Now, Shapiro's room lies empty as he passed away at the age of 98 on October 18, 2014, just two months shy of his 99th birthday. Though the man himself has shuffled this mortal coil, his legendary relationship with China remains a mystery to many. Some cannot help but ask why an American would choose to spend over two thirds of his life in China, even going so far as to gain Chinese citizenship in the process.
First impressions
Before coming to China in 1947, he joined the U.S. Army during World War II and was selected to study Chinese at Cornell University. He traveled to Shanghai that year by ship and through one of his Chinese friends in the United States, he met and quickly fell in love with an actress and author who had graduated from Shanghai's prestigious Fudan University and wrote under the pen name of Fengzi, meaning "phoenix" in Mandarin. The two married in 1948 and their relationship was to last a lifetime, remaining together until her death in 1996.
At that time, the Communist Party of China (CPC) was fighting to overthrow the Kuomintang regime in the second, post-World War II phase of the Chinese Civil War. For Shapiro, Shanghai was an immense disappointment. The city was then ruled by the Kuomintang and much to his dismay, Shapiro found that a wide gap existed between the rich and the impoverished. As a CPC member, Fengzi was secretly offering help to the Party's cause, so Shapiro was presented with the opportunity to get to know many influential Party members who introduced him to the ideologies of Marxism and Leninism.
"I saw that people lived an extremely hard life under the cruel rule of the Kuomintang, with a large number of people starving or freezing to death every day," he told the Guangzhou-based Nanfang Metropolis Daily in 2006. "I realized that only revolution could solve China's problems."
Shapiro went on to open a law firm in Shanghai and offered help to Fengzi and her Party comrades. He helped edit an English magazine advocating land reform and provided his office as a meeting venue for secret agents from CPC-controlled areas to discuss how to transport medical supplies to these areas across the Kuomintang's blockades.
Fengzi soon found herself on the Kuomintang's blacklist and the couple was forced to leave Shanghai. They had intended to go to a Communist-controlled area but gave up due to insurmountable difficulties and chose to go to Beijing instead. They arrived in the city in 1948. Compared with contemporary Shanghai, Beijing better fit how Shapiro had envisaged China.
"Beijing was quiet and had beautiful hutongs and the Palace Museum," Shapiro said on a China Central Television talk show in 2006.

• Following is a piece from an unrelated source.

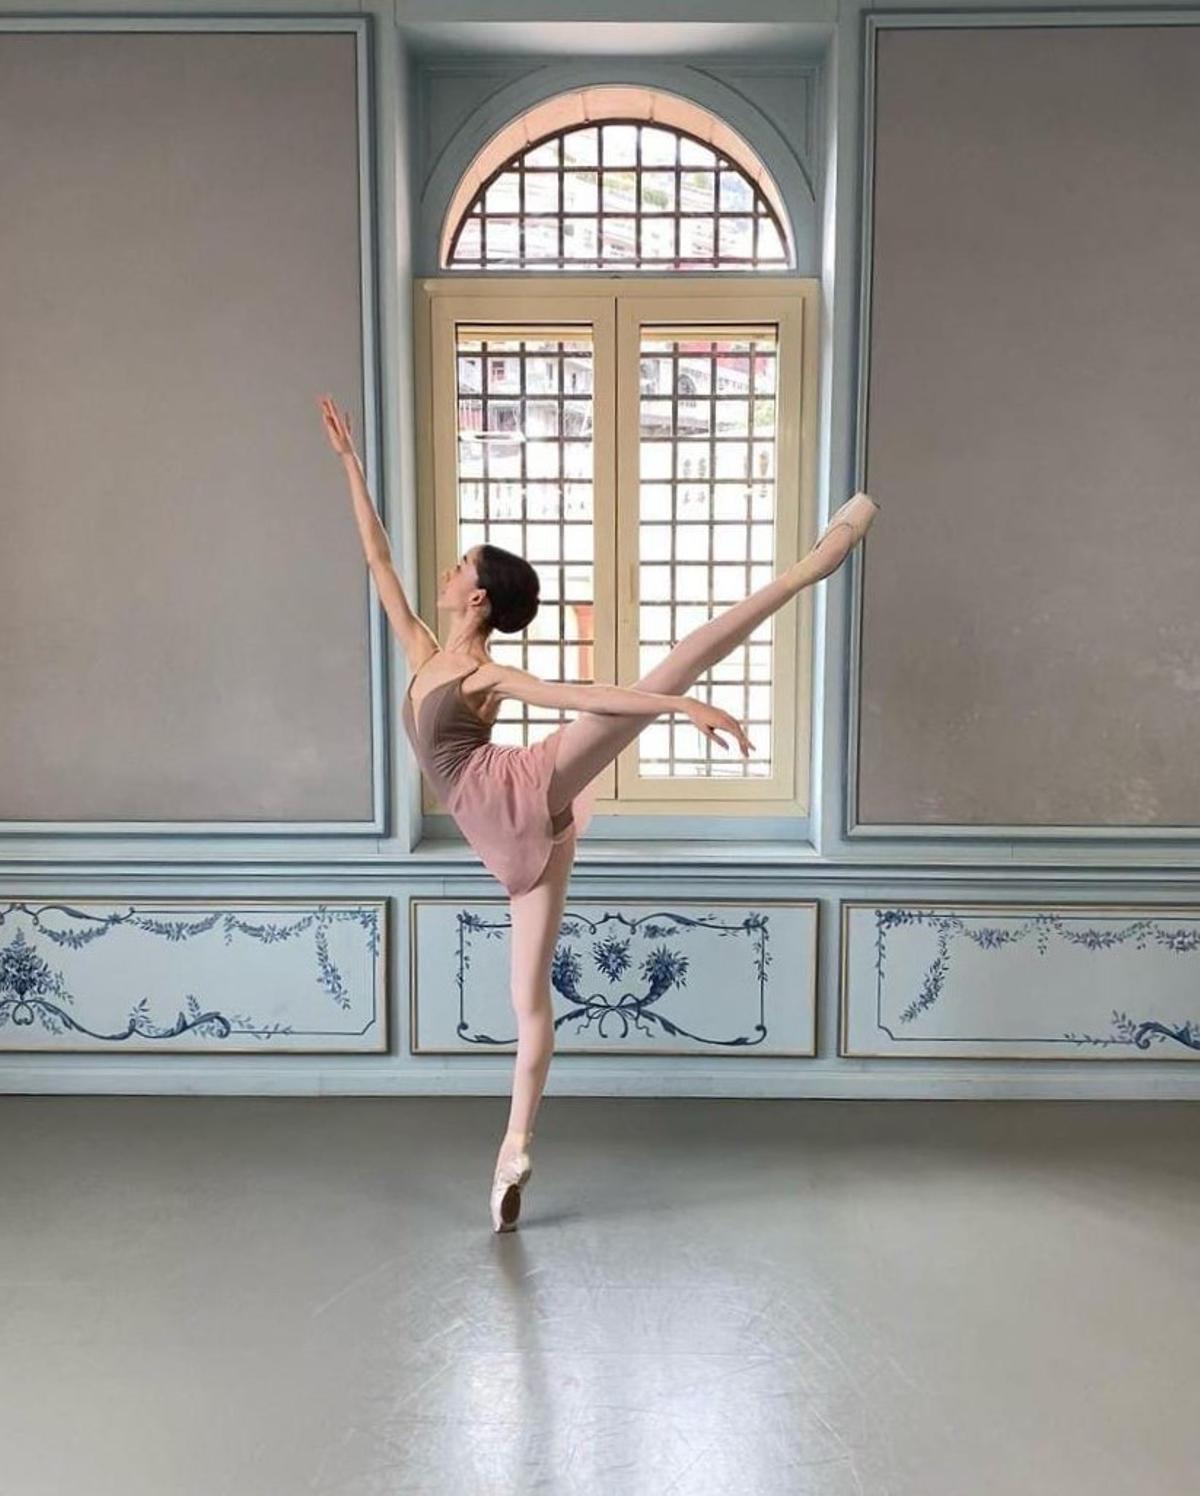 Una imagen de Carla bailando ballet clásico.

In Beijing, Shapiro was invited to attend the founding ceremony of the People's Republic of China on October 1, 1949 together with his wife. "It was a remarkable historic moment. People were so excited that they cried and laughed. At that time, I was curious to see what would become of this country," Shapiro said.
Literary talent
As an American-educated lawyer, Shapiro found it difficult to land a job in Beijing. Instead he engaged in freelance translation at home on a casual basis.
He started by translating the novel Daughters and Sons, which represented the courage of Chinese guerrilla forces in fighting against Japanese invasion during World War II. The English version of the novel was published in the United States in the 1950s.

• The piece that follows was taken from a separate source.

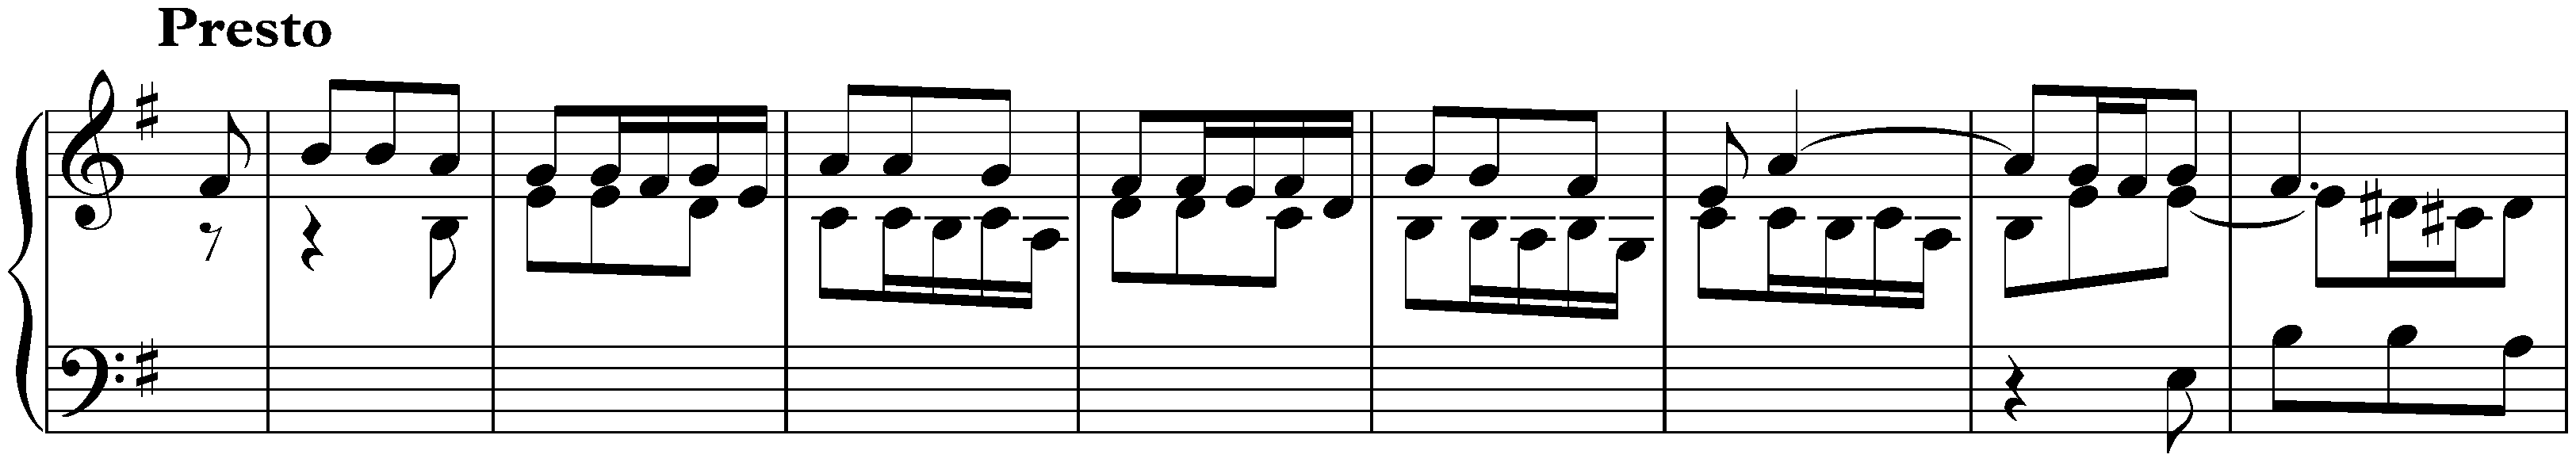 Suite in E minor, BWV 996; 1. Praeludio

When he was translating the book, a friend of Fengzi visited the couple and found out that Shapiro was versed in the art of translation. The friend then offered to help Shapiro find a job as a translator with the Bureau for External Cultural Relations.
Shapiro later transferred to the Foreign Languages Press to work for its Chinese Literature magazine as a translator and editor. The monthly magazine, which was established in 1951 and ceased publication in 2001, played an important role in introducing Chinese literary works to the world in the latter half of the 20th century.